48th Session of the Human Rights Council
23 September 2021
Since my last update to this Council, the human rights situation in Myanmar has deteriorated significantly as the far-reaching impacts of the military coup continue to devastate lives and hopes across the country. Conflict, poverty and the effects of the pandemic are sharply increasing, and the country faces a vortex of repression, violence and economic collapse.
The military’s iron grip on power faces resistance from large segments of the society. Weapons of war continue to be deployed in towns and cities to suppress opposition. Over 1,100 individuals have reportedly now died at the hands of the security forces since the coup.
Over 8,000 individuals – including children – have been arrested since the coup, with over 4,700 remaining in detention. Most are held without any form of due process, and lack access to legal counsel, or even the ability to communicate with their families. We continue to receive reports from multiple locations of interrogation techniques that amount to ill-treatment and torture, and have credible information that more than 120 detainees have died in custody – some within 24 hours of their arrest.
Over 260 attacks on health-care facilities and personnel have been reported since February, including targeting and shooting medical personnel, ambulances and hospitals; arbitrarily detaining medical professionals; military occupation of hospitals; and confiscation of medical supplies such as COVID-19 vaccines and oxygen. These attacks gravely compound the humanitarian consequences of the violence and a surge in the COVID-19 pandemic.
Our report A/HRC/48/67, which is before you today, documents many serious violations of human rights and international humanitarian law, including violations of the rights to life, liberty and security of person; the prohibition against torture; fair trial guarantees; freedom of expression, and freedom of peaceful assembly. Several of these violations may amount to crimes against humanity committed as part of a widespread or systematic attack against the civilian population – or, to the extent arising in armed conflict, war crimes.
Faced with this overwhelming repression of fundamental rights, a movement of armed resistance is growing, alongside the peaceful protests that have taken place for seven months. Local self-defence groups have taken up arms, and many have joined a growing so-called Defence Force movement. Earlier this month, the interim President of the National Unity Government – which comprises representatives elected in 2020 who oppose the coup – issued a call for nation-wide armed uprising against the military.
Armed clashes now occur regularly in many heartland areas where conflict has not been seen in generations. In recent weeks, the Tatmadaw has been conducting offensives in Magway and Sagaing Regions and in Chin State, reportedly killing villagers and burning houses.
In border areas that have faced conflict for many years – including Kachin, Shan, Kayin, and Kayah states – some ethnic armed organisations have assisted People’s Defence groups and, in some instances, have conducted joint military operations with them.

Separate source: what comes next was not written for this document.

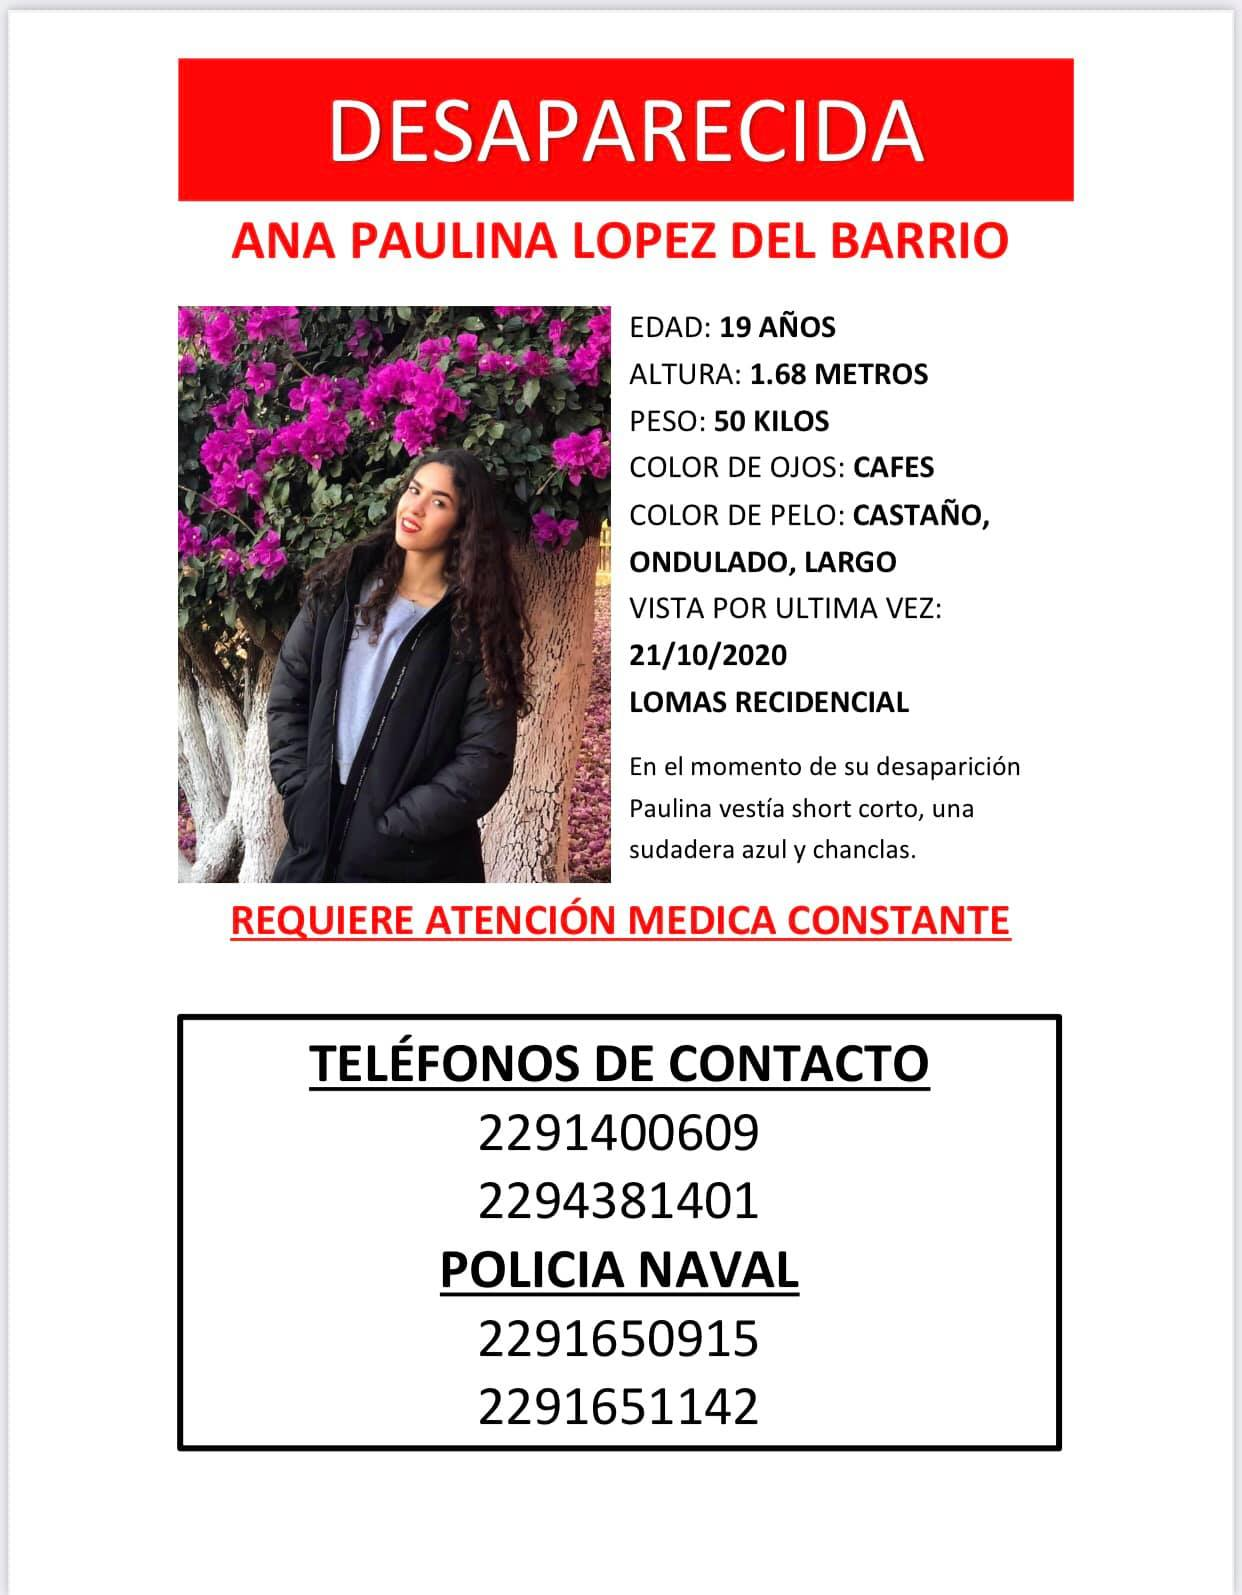 Ana Paulina, la joven reportada como desaparecida asegura estar bien.

The Army has launched offensives and reprisal raids against villages perceived to be the bases of people’s defence forces or ethnic armed groups, including artillery barrages and airstrikes against civilian areas. Hundreds of individuals have been killed and injured, and many have been forcibly displaced amid escalating humanitarian needs for food, water, shelter, and medical care.

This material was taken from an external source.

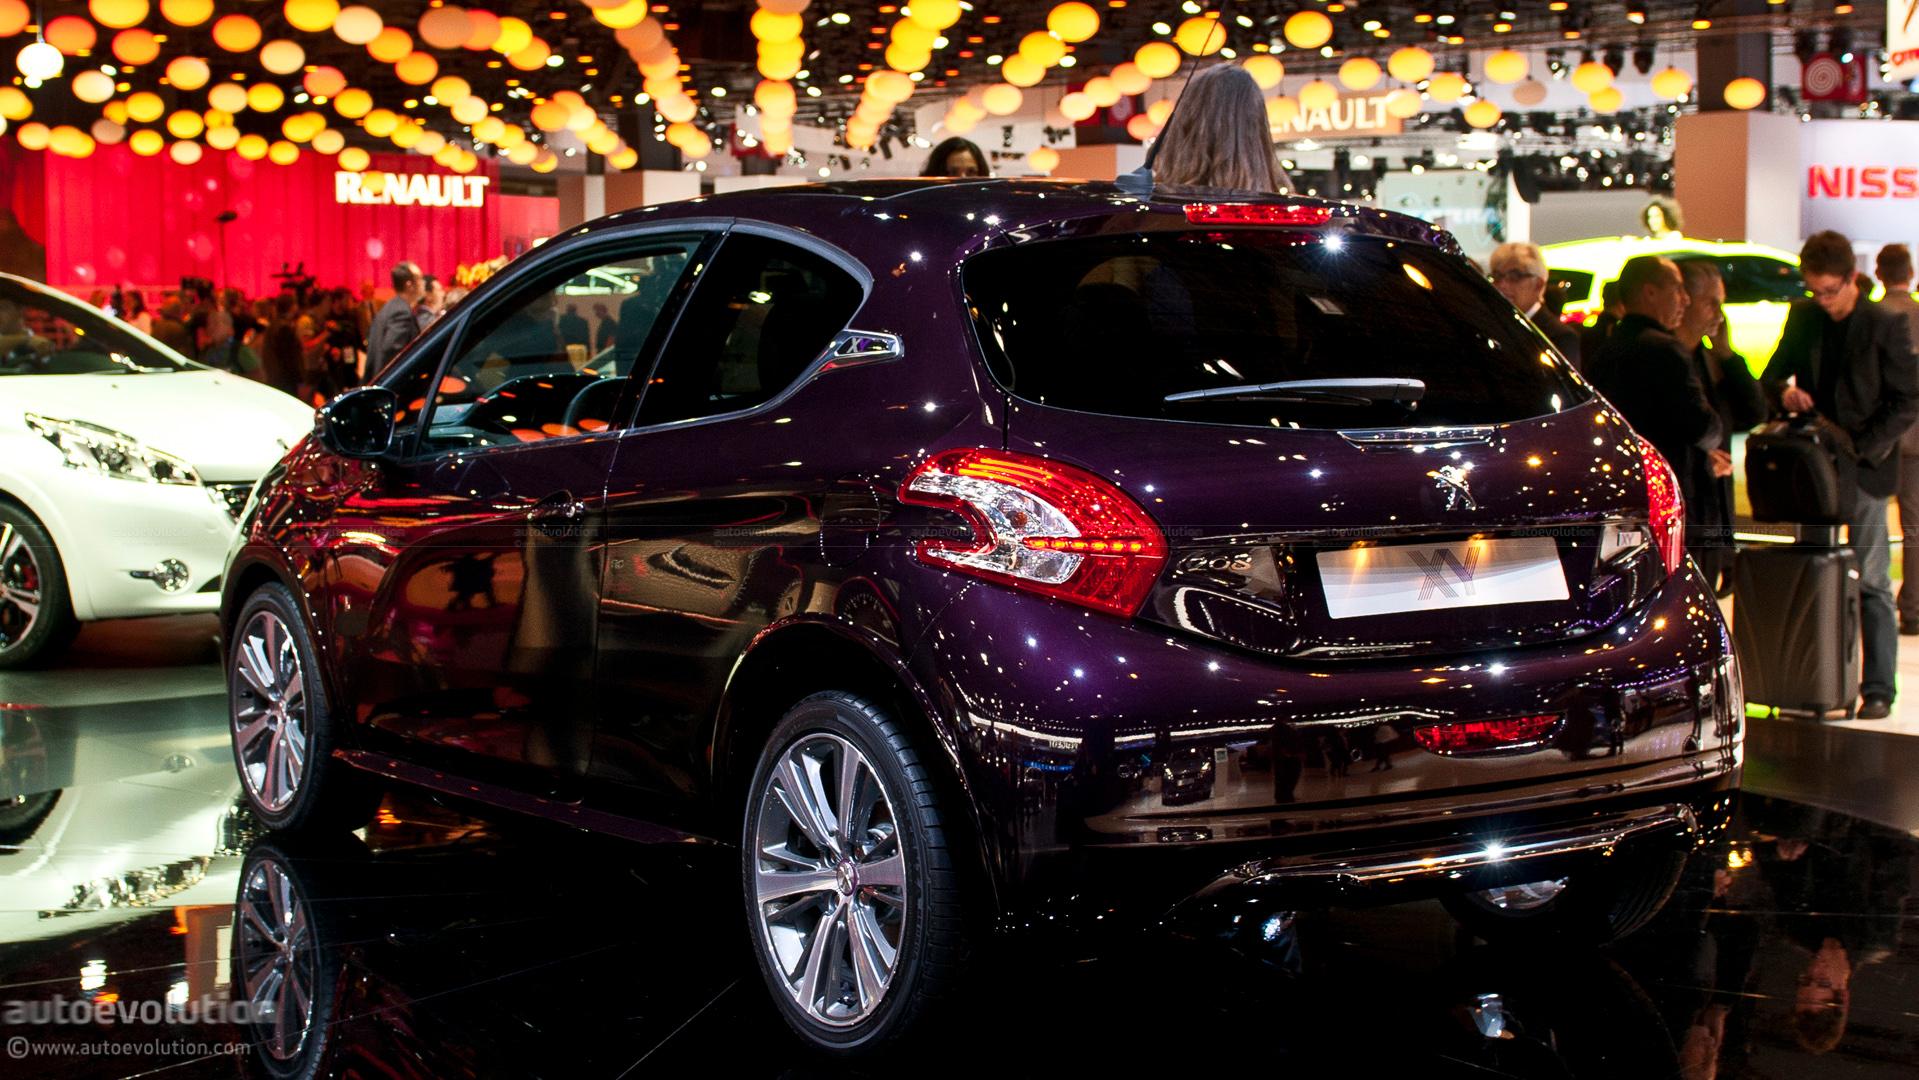 All Star Hyundai >> Paris 2012: Peugeot 208 XY [Live Photos] - autoevolution

I appeal once again to all armed actors to respect human rights and ensure that civilians and civilian structures are protected. Use of airstrikes and artillery in residential areas, and any form of military operation that targets health centres, places of worship, schools or other protected structures must immediately cease.
These disturbing trends suggest the alarming possibility of an escalating civil war.

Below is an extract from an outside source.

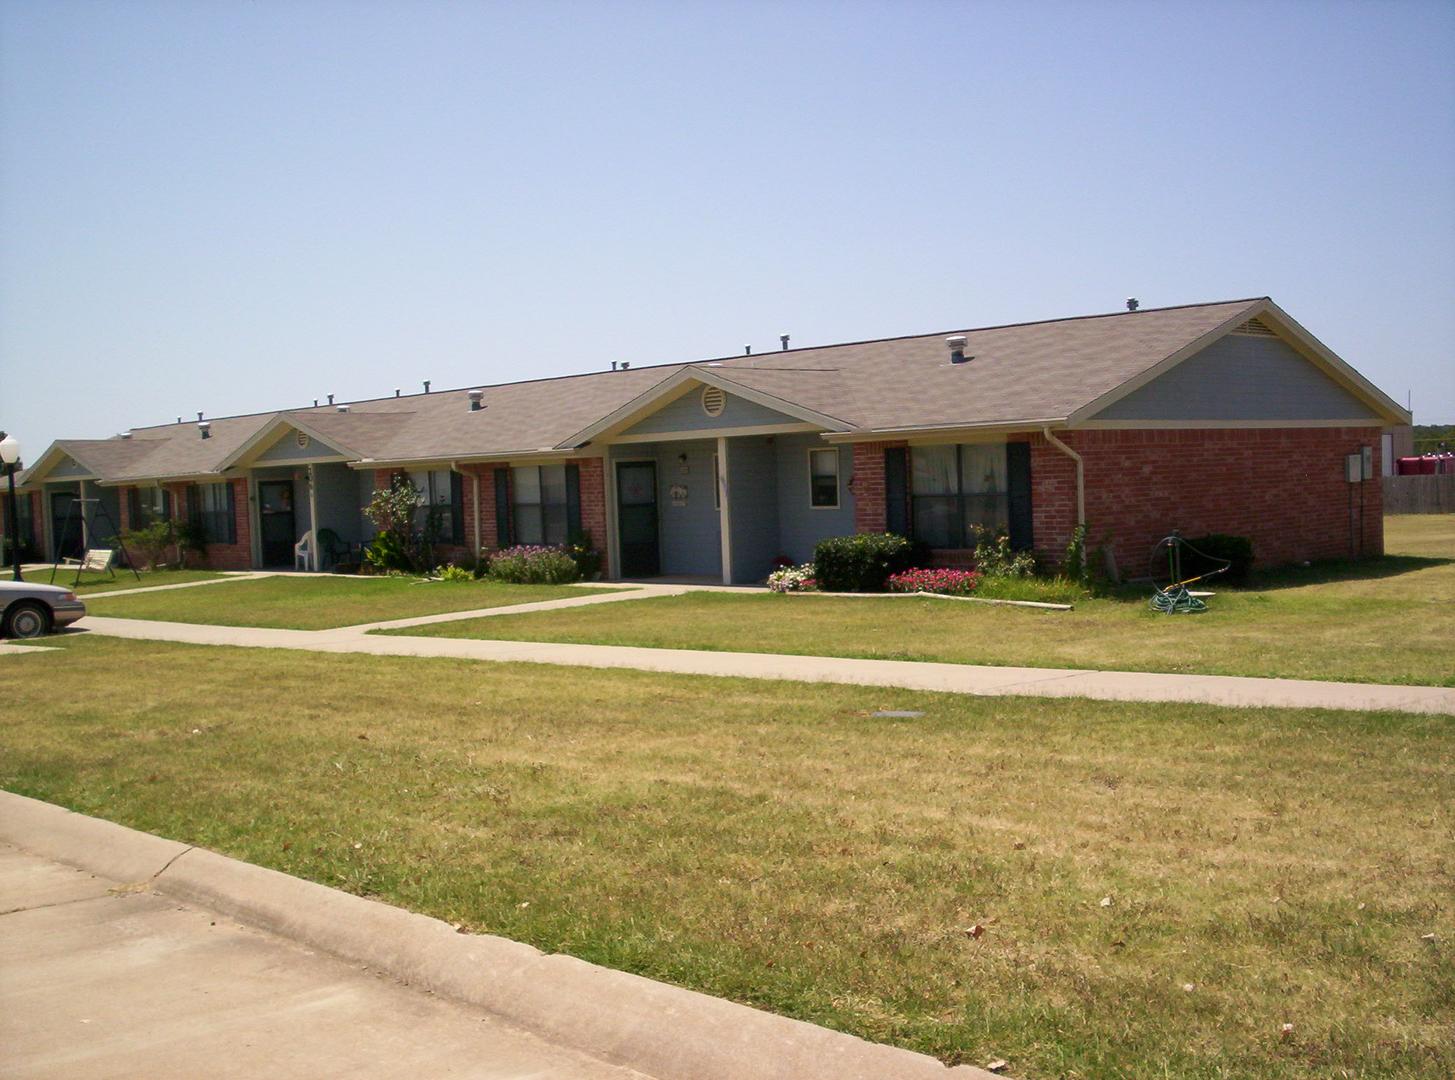 Image of Stroud Senior Village in Stroud, Oklahoma

I urge action by members of this Council to actively support a political process that engages all parties to this crisis, including the National Unity Government, civil society, and representatives from the ethnic minority communities, especially women.
ASEAN’s initiative should urgently be accompanied by other influential Member States, using a mix of incentives and disincentives to reverse the military coup and desperate spiral of violence.
I encourage all parties, especially the military, to allow unrestricted access to facilitate humanitarian assistance, including vaccination efforts and other forms of health-care that should be made available in a non-politicized manner. Medical personnel must be protected, not targeted – and local community groups should be the primary instrument of delivery.
To create conditions for peace and dialogue, there must be immediate release of all political prisoners, including Daw Aung San Suu Kyi and other civilian leaders.
Accountability remains crucial to any solution going forward. The human rights violations crimes being committed by the Tatmadaw today are built upon the impunity with which they perpetrated the shocking campaigns of violence against the Rohingya just four years ago – and also against many other ethnic minorities over decades.
It is crucial that the perpetrators of the most serious international crimes, including potentially genocide, are duly held to account. In this regard, the expanded work of the Independent Investigative Mechanism for Myanmar, with its ongoing mandate over current events, has become even more important. Steps taken by the democratic opposition to engage the International Criminal Court and other bodies may also open new avenues for accountability. I also hope that many more military personnel will grasp that their own futures will not be served by following unlawful orders to commit international crimes.
Myanmar’s stability and path to democracy and prosperity have been sacrificed over these last months to advance the ambitions of a privileged and entrenched military elite. Many people who seek only to safeguard democracy and human rights have lost their lives. The national consequences are terrible and tragic — the regional consequences could also be profound. The international community must redouble its efforts to restore democracy and prevent wider conflict before it is too late.